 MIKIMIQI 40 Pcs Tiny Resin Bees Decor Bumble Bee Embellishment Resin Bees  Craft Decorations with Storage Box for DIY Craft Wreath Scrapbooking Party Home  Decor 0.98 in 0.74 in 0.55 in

...

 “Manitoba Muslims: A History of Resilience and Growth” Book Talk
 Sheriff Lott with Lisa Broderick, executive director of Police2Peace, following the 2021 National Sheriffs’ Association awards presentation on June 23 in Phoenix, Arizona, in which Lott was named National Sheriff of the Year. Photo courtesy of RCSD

Work order -
Give back exactly the lines of the listing above that run from the line with "Muslims: A History" to the line with "Sheriff Lott with", inclusive.

Reply to the task -
 “Manitoba Muslims: A History of Resilience and Growth” Book Talk
 Sheriff Lott with Lisa Broderick, executive director of Police2Peace, following the 2021 National Sheriffs’ Association awards presentation on June 23 in Phoenix, Arizona, in which Lott was named National Sheriff of the Year. Photo courtesy of RCSD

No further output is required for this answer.